-- Opening Marker --
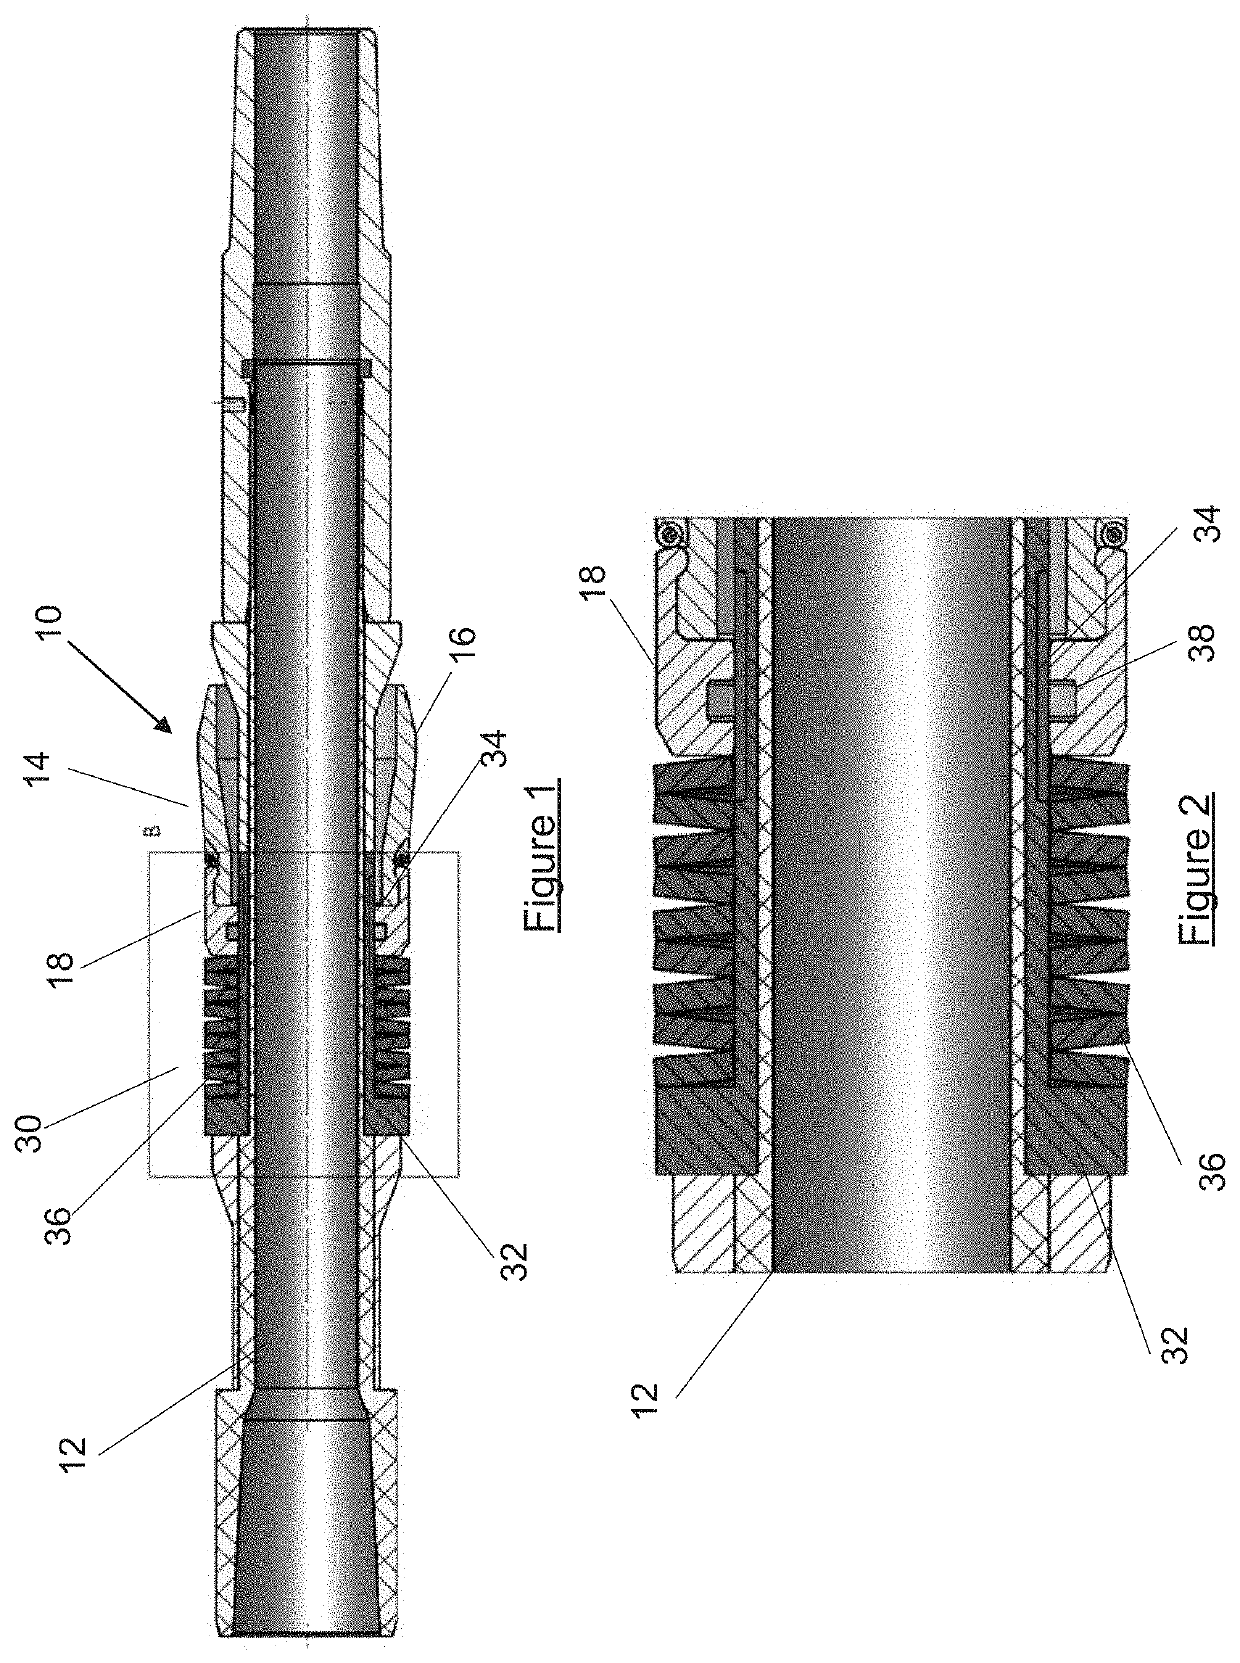 Downhole sealing apparatus and method
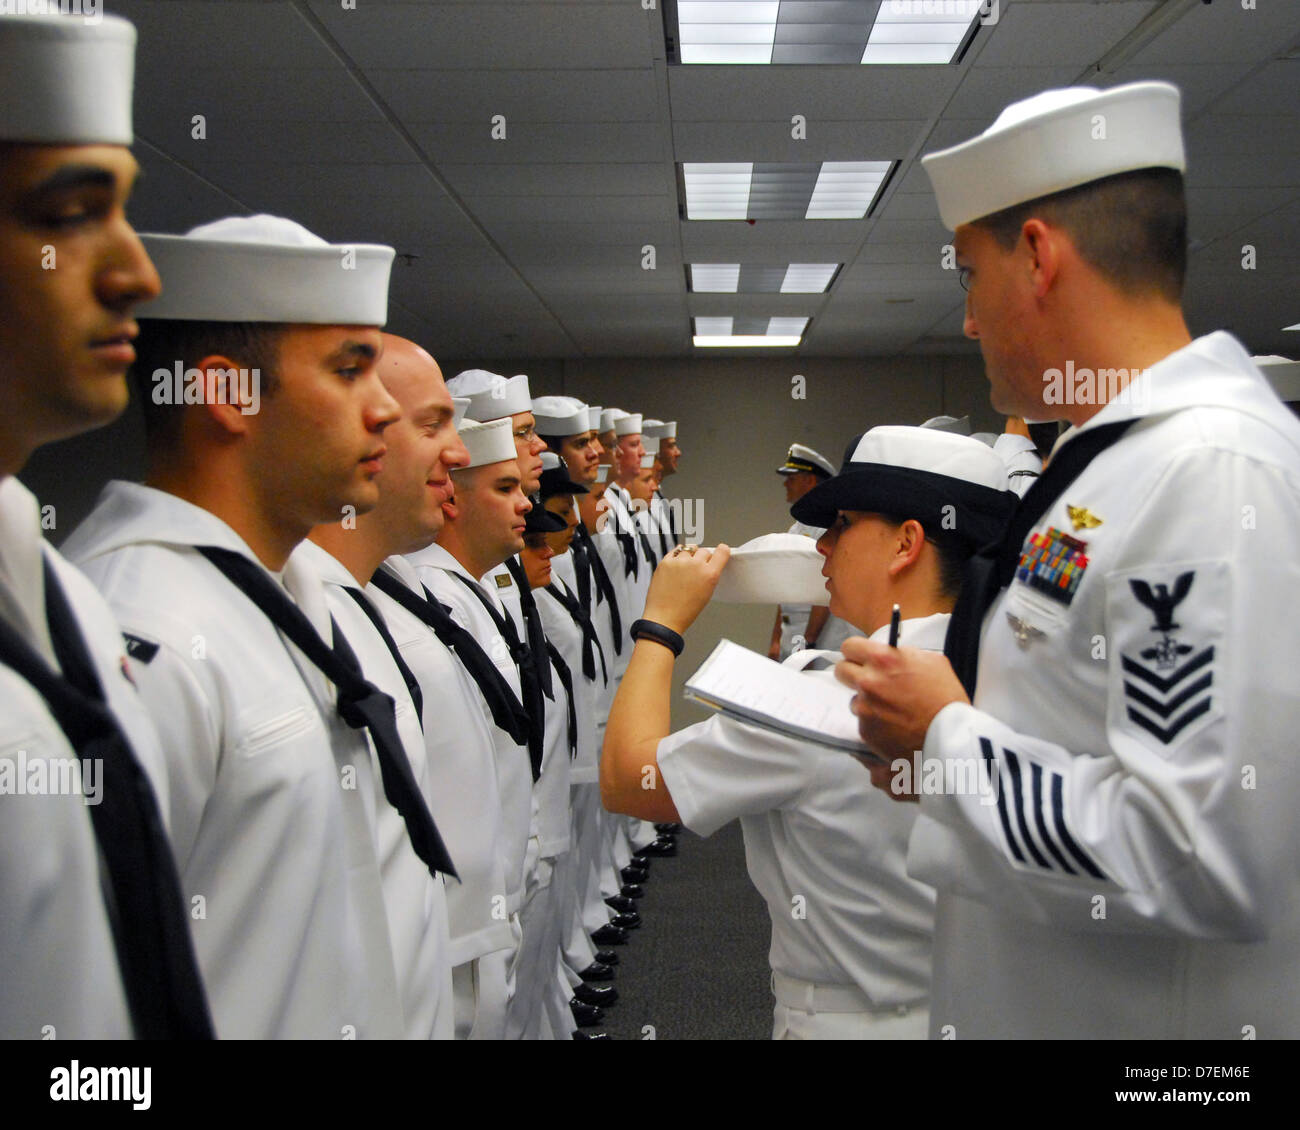 Sailors undergo a uniform inspection. Stock Photo
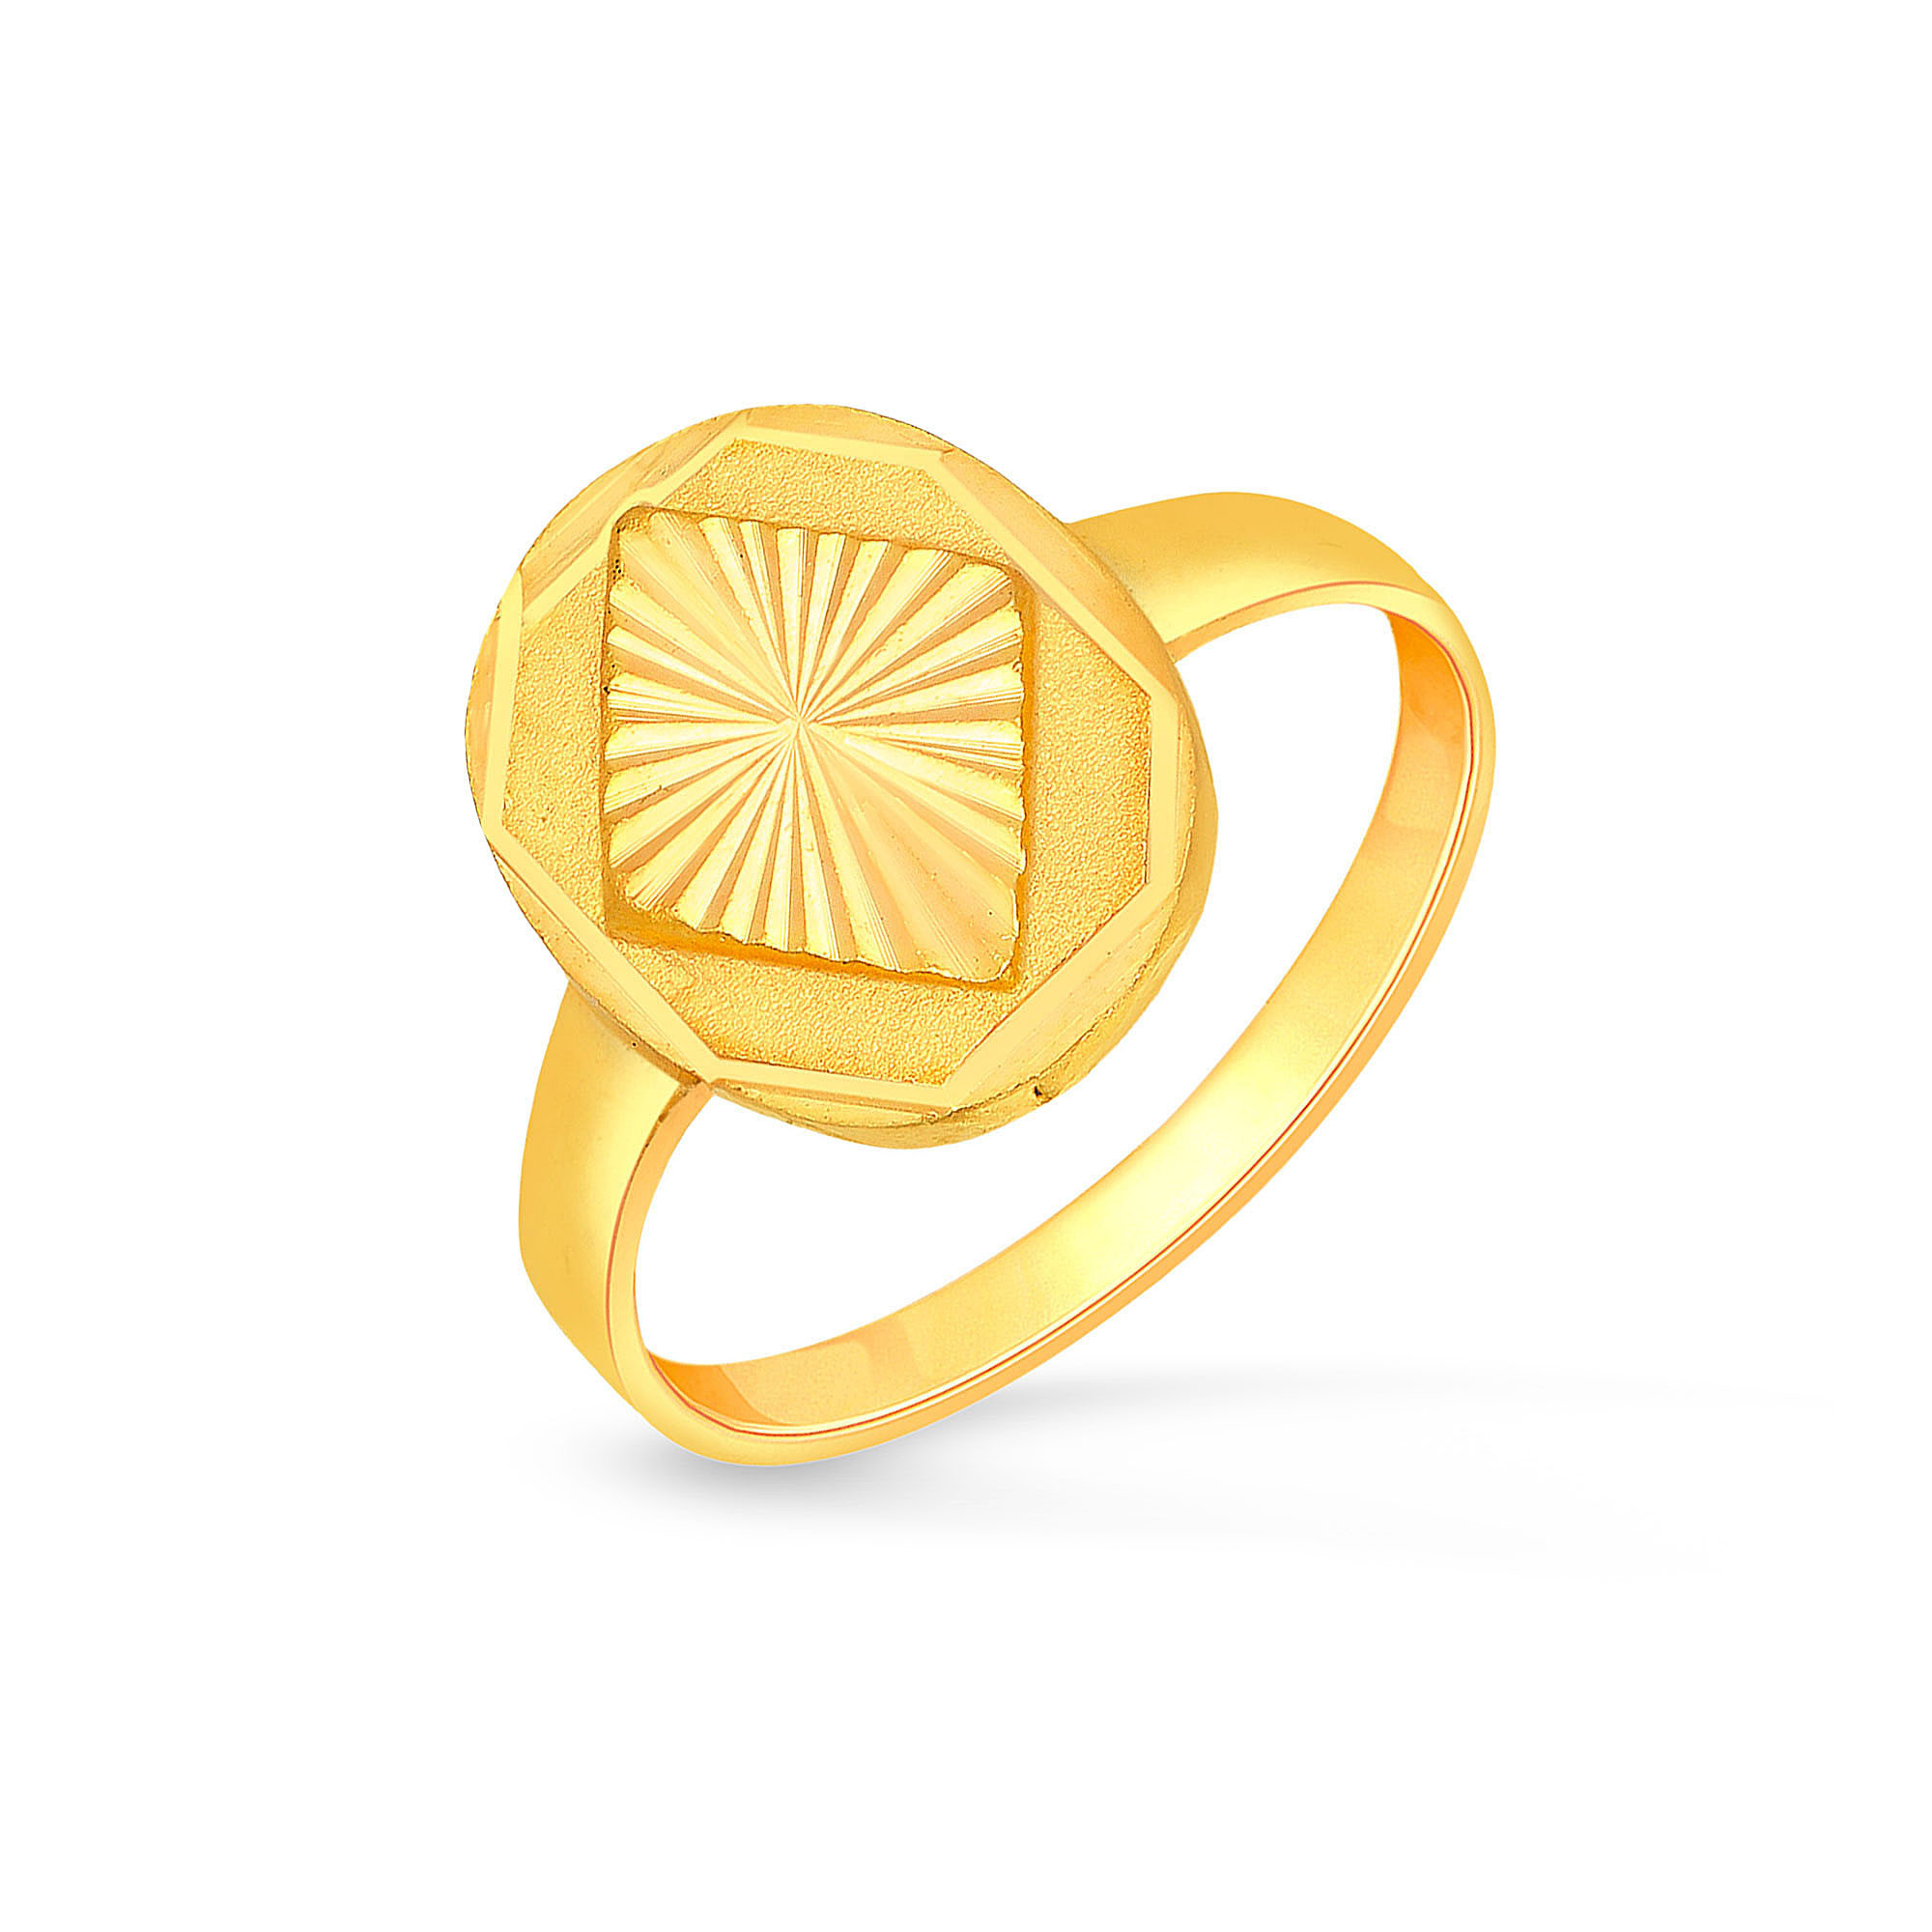 Malabar gold rings with price | Malabar ring designs| Malabar light weight gold  rings - YouTube
-- Closing Marker --
#### [Aim of the exercise]
Give the listing again exactly, but omit each image.

#### [Result]
 Downhole sealing apparatus and method
 Sailors undergo a uniform inspection. Stock Photo
 Malabar gold rings with price | Malabar ring designs| Malabar light weight gold  rings - YouTube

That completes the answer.